Does ‘Antíkoni’ need ‘Antigone’?
Native Voices, the professional company that produces new plays by indigenous writers under the aegis of the Autry Museum, is using a room at the museum’s Southwest Campus (formerly the Southwest Museum of the American Indian), on the southeast slope of Mt. Washington in northeast LA, for the premiere of Beth Piatote’s “Antíkoni.”
The play’s title and elements of its plot are derived from Sophocles’ ancient Greek tragedy “Antigone.” You may recall that in that classic, a royal-family niece defies her uncle Creon in order to provide a proper burial for one of her slain brothers, whose body had been left to rot on the field of battle.
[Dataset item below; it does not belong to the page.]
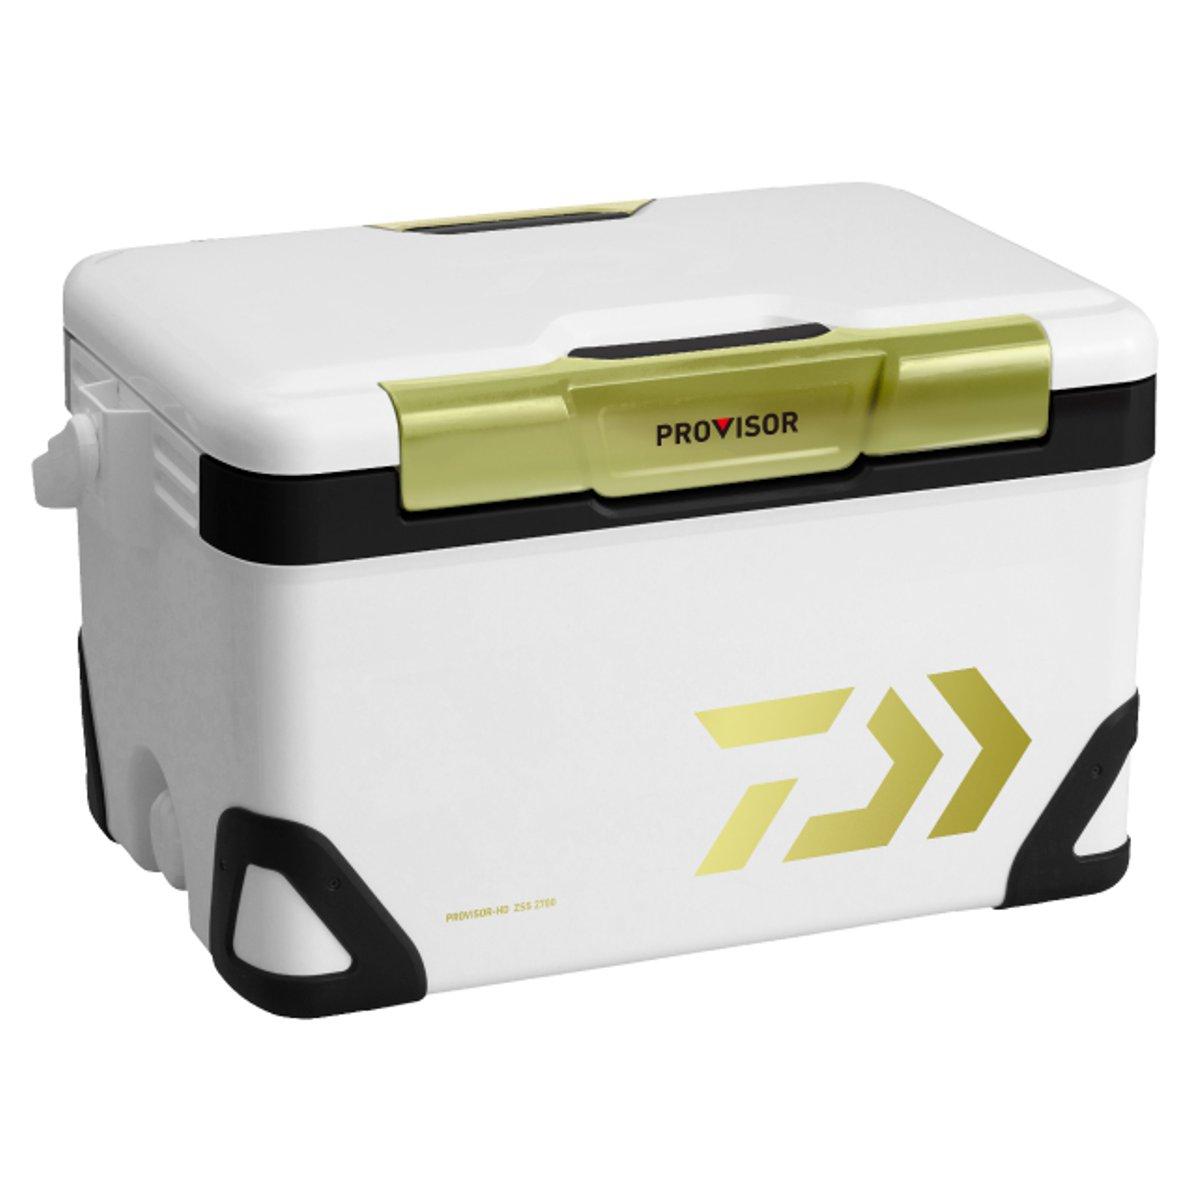 ダイワ プロバイザー HD ZSS 2700 シャンパンゴールド クーラーボックス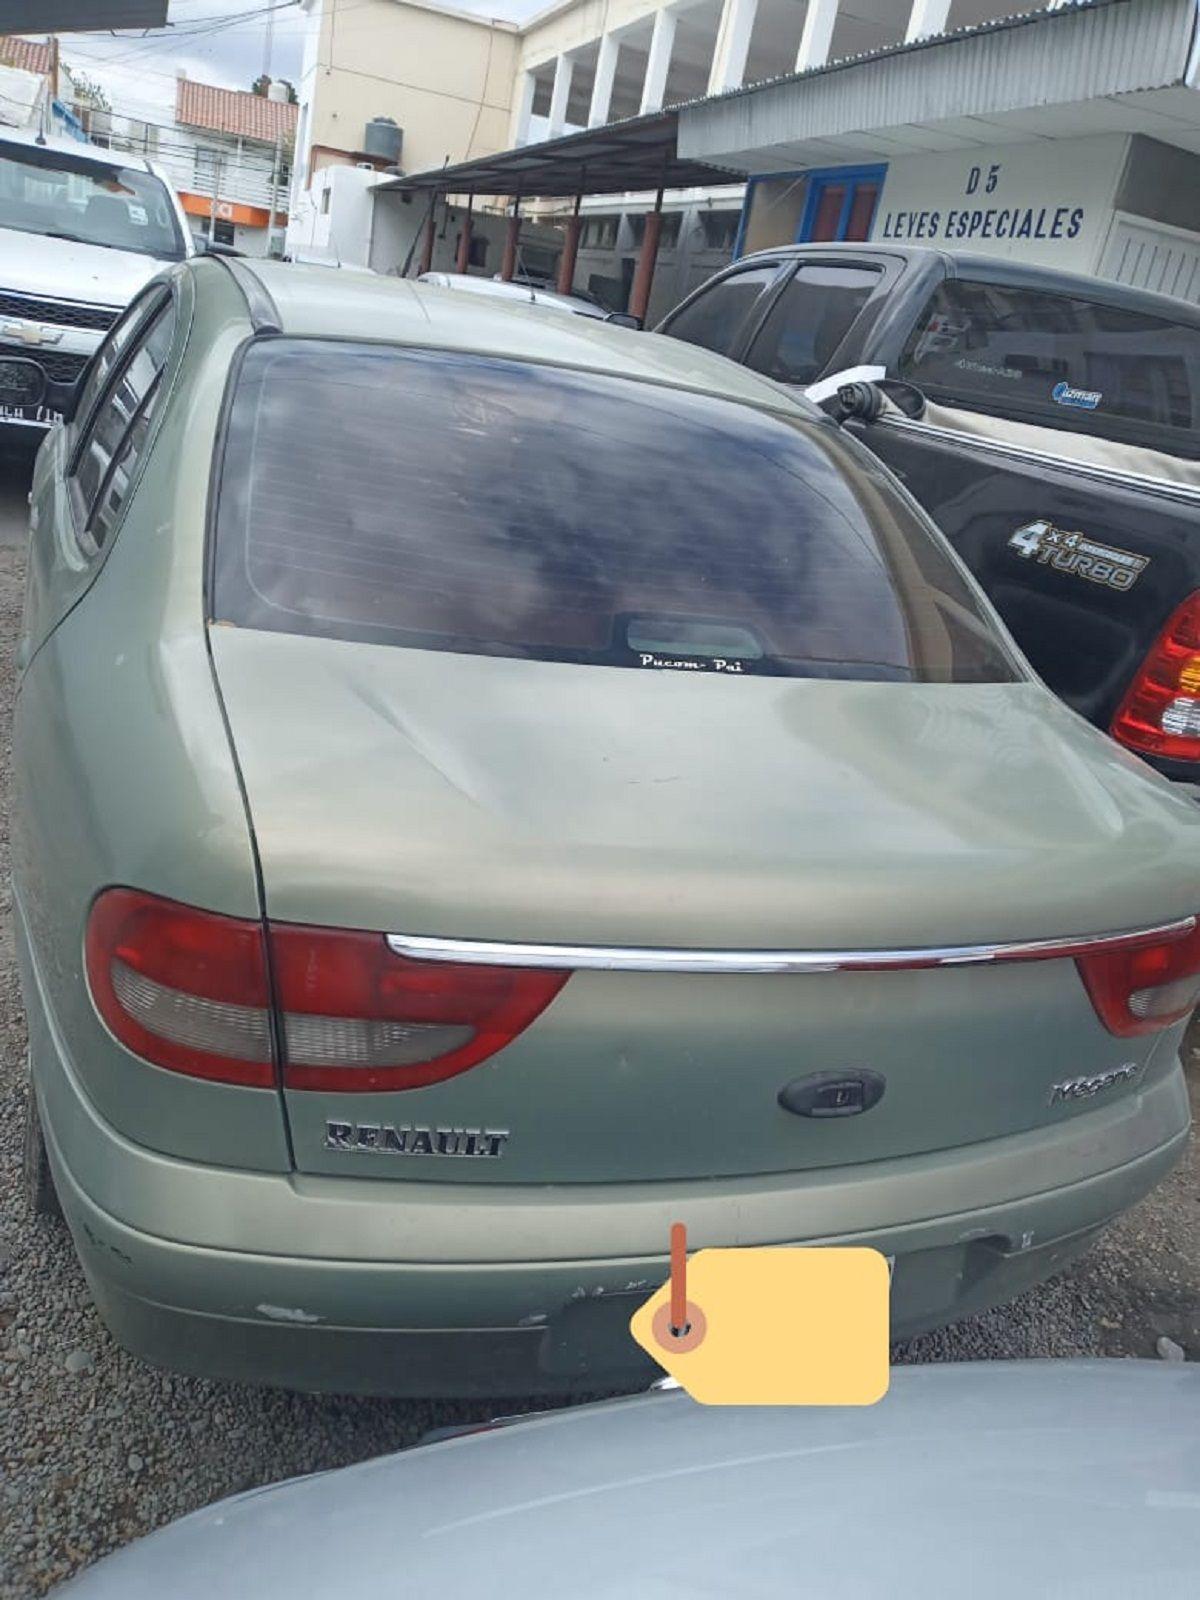 Secuestraron dos vehículos robados en Mendoza.

Piatote’s contemporary adaptation, staged by Madeline Sayet, is set mostly in or near a museum in Washington DC. The museum director Kreon (Frank Henry Katasse), the title character’s uncle, is pleased that he has been able to purchase artifacts and even the bones of two Native warriors — brothers who were fighting each other and who apparently died more than a century ago — from a private collector in Europe. He plans to add these remains to the museum collection. But his Nez Perce/Cayuse niece Antíkoni (Erin Xáalnook Tripp) believes that these relics should be returned to the Native nations (in the Pacific Northwest) to which the men belonged.
The production takes place in a room where such relics were once stored — before the entire Southwest Museum collection was moved to the Autry’s relatively new Resources Center in Burbank. Unfortunately the play’s venue — never intended to be a theater — lacks adequate acoustics and has only makeshift audience seating.
The play itself doesn’t seem quite ready for a full production either. Its connection to “Antigone” is the source of most of the problems. In the Greek classic, the heroine is the younger sibling of the man whose body is dishonored, while in “Antíkoni” the supposed heroine wasn’t even born until decades after the deaths of the deceased; I didn’t hear that was she was even a direct descendant. Her attachment to her crusade feels theoretical and “virtual” in the contemporary sense, not personal.
The dramatic momentum also is somewhat hobbled by too many pauses for folkloric stories told by a Greek chorus of aged “aunties” and by diction that sometimes sounds like a deliberate attempt to imitate the formalistic phrasing that might have been used in a decades-old English translation from the ancient Greek.
The play’s fascinating thematic kernel shouldn’t have to rely so much on its wavering conceptual connections to Greek tragedy.
Hark! The herald neighbors shout
Yes, a Christmas play arrived before Thanksgiving. But it’s probably the most irreverent Christmas play that will debut this season — the prolonged title is “The Goddamn Couple Down the Hall (Oh….and Merry Christmas!)”. It’s at Theatre West, in the Cahuenga Pass between Studio City and Hollywood.
Playwright Mark Wilding (“Our Man in Santiago” at this same venue in 2021) whipped up a spiked eggnog of a play, directed by Charlie Mount. He combines two squabbling young-adult sisters, their parents and their male companions — one of whom is the evening’s exacting chef — with a touch of possible murder mystery emanating from the arguing inhabitants of the next-door condo. I won’t say anything more specific about what happens, other than to note that laughter is plentiful, if not exactly festive.